Young men are converting for the same reason. “I liked the way the Muslims students I knew conducted themselves” says Paul Martin, a 27-year old convert to Islam. “It’s nice to think about people having one partner for life and not doing anything harmful to their body. I just preferred the Islamic lifestyle and from there I looked into the Qur’an.”
Lynne Ali converted to Islam at age 19. Her story is similar to scores of other young women who are attractive to the Islamic lifestyle. Having been what she calls “a typical white hard-partying teenager”, she felt a great void in her life.
“I would go out and get drunk with friends,” Lynne recounts, “wear tight and revealing clothing and date boys. I think, underneath it all, I must have been searching for something, and I wasn’t feeling fulfilled by my hard-drinking, party lifestyle.” When Lynne met her boyfriend, Zahid, at university, she felt that Islam offered an escape route. “I am so grateful I found my escape route…I am no longer a slave to a broken society and its expectations.”

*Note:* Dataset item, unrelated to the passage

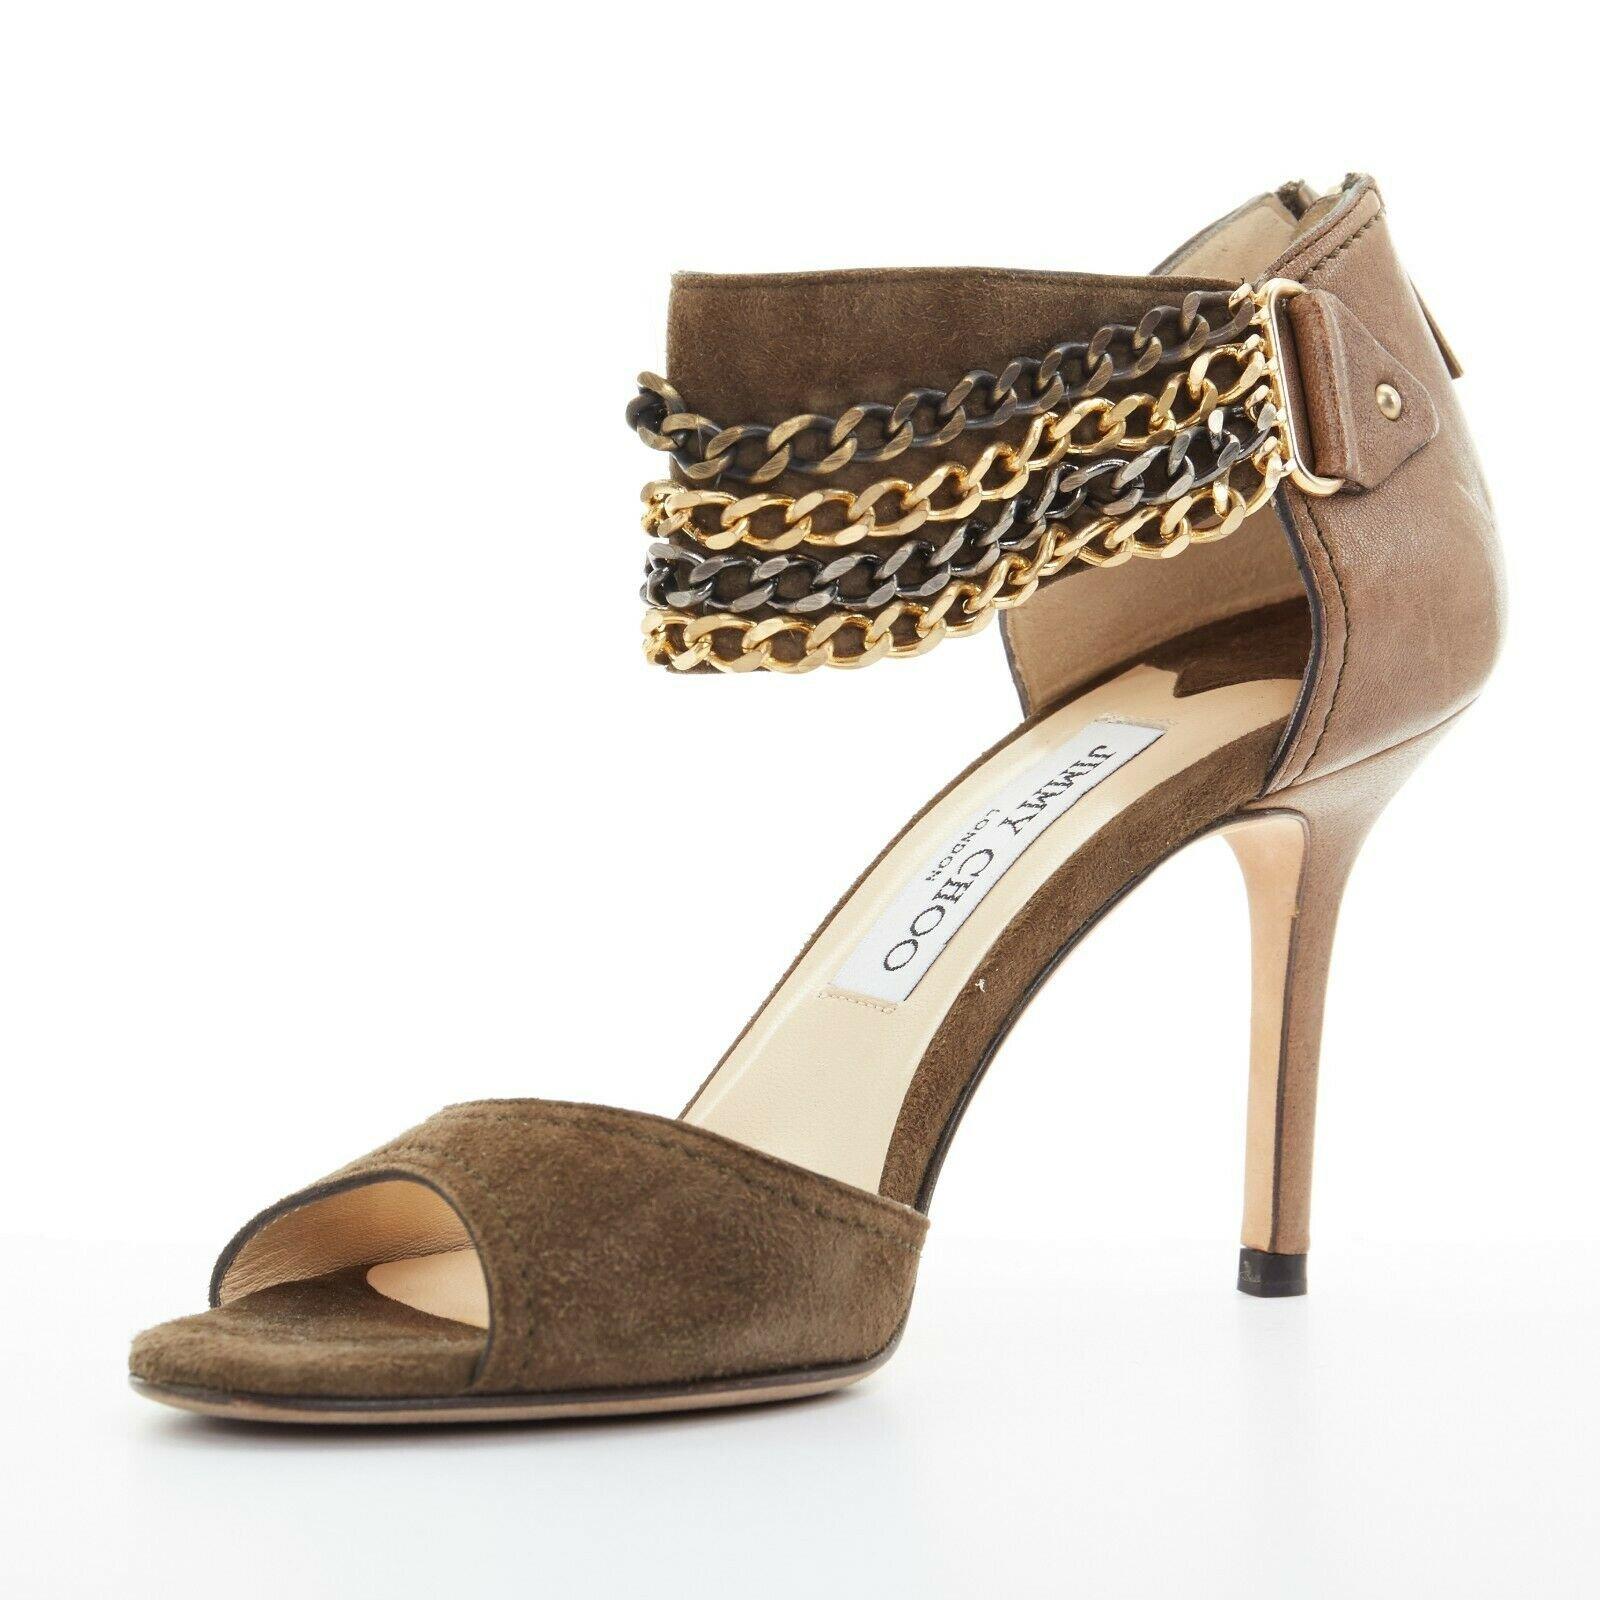 dark brown heels with ankle strap
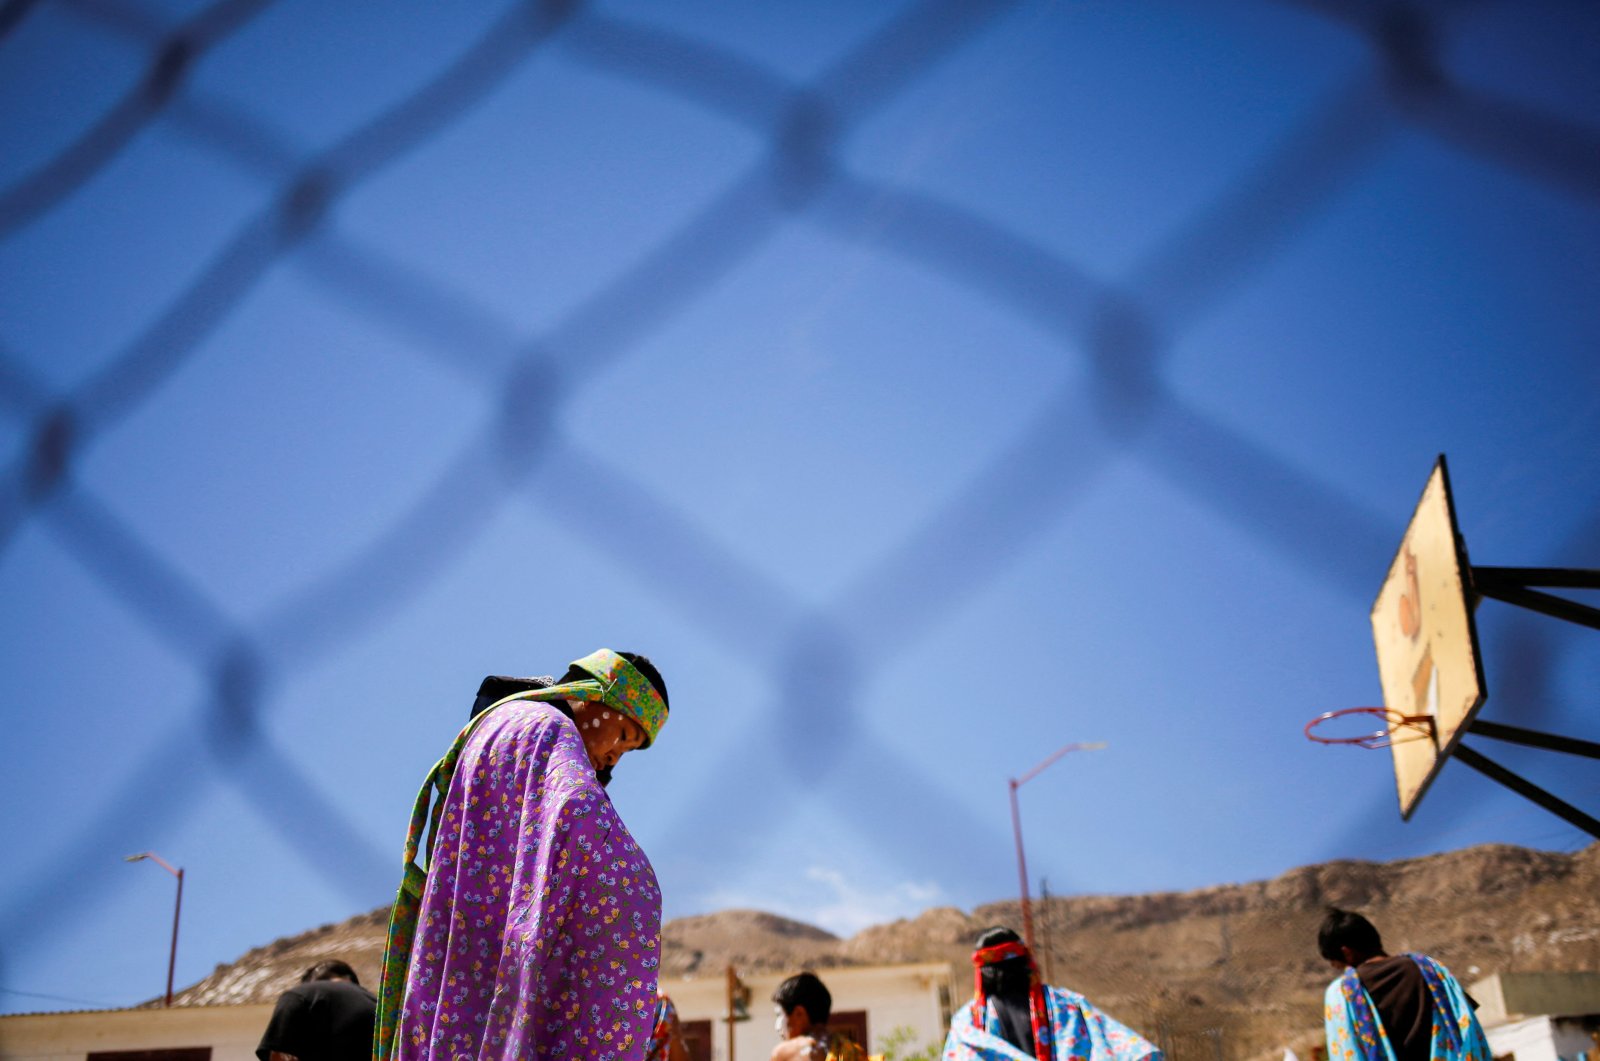 An indigenous Raramuri person participates in Good Friday celebrations in the Tarahumara neighborhood of Ciudad Juarez, Mexico, April 15, 2022. (REUTERS)

Where is the Church in All This?

It is true that people remain in the Christian faith, or convert to it, for similar reasons. Yet as Christians we should be honestly asking ourselves some hard questions. Are we doing as good a job as the Muslims in showing the communal nature of the Christian faith? Do we also prioritize evangelism? Are we doing as good of a job as the Muslims in proclaiming the totalizing nature of our religion, showing that the Christian faith affects every department of life? Are we showing our young people that the faith is not just true, but lovely, so that when our children grow up they do not want to walk away from it? Is there a noticeable difference between the lifestyle of Christians and those in the world, so that young people see the Christian faith as being an escape route from pagan decadence?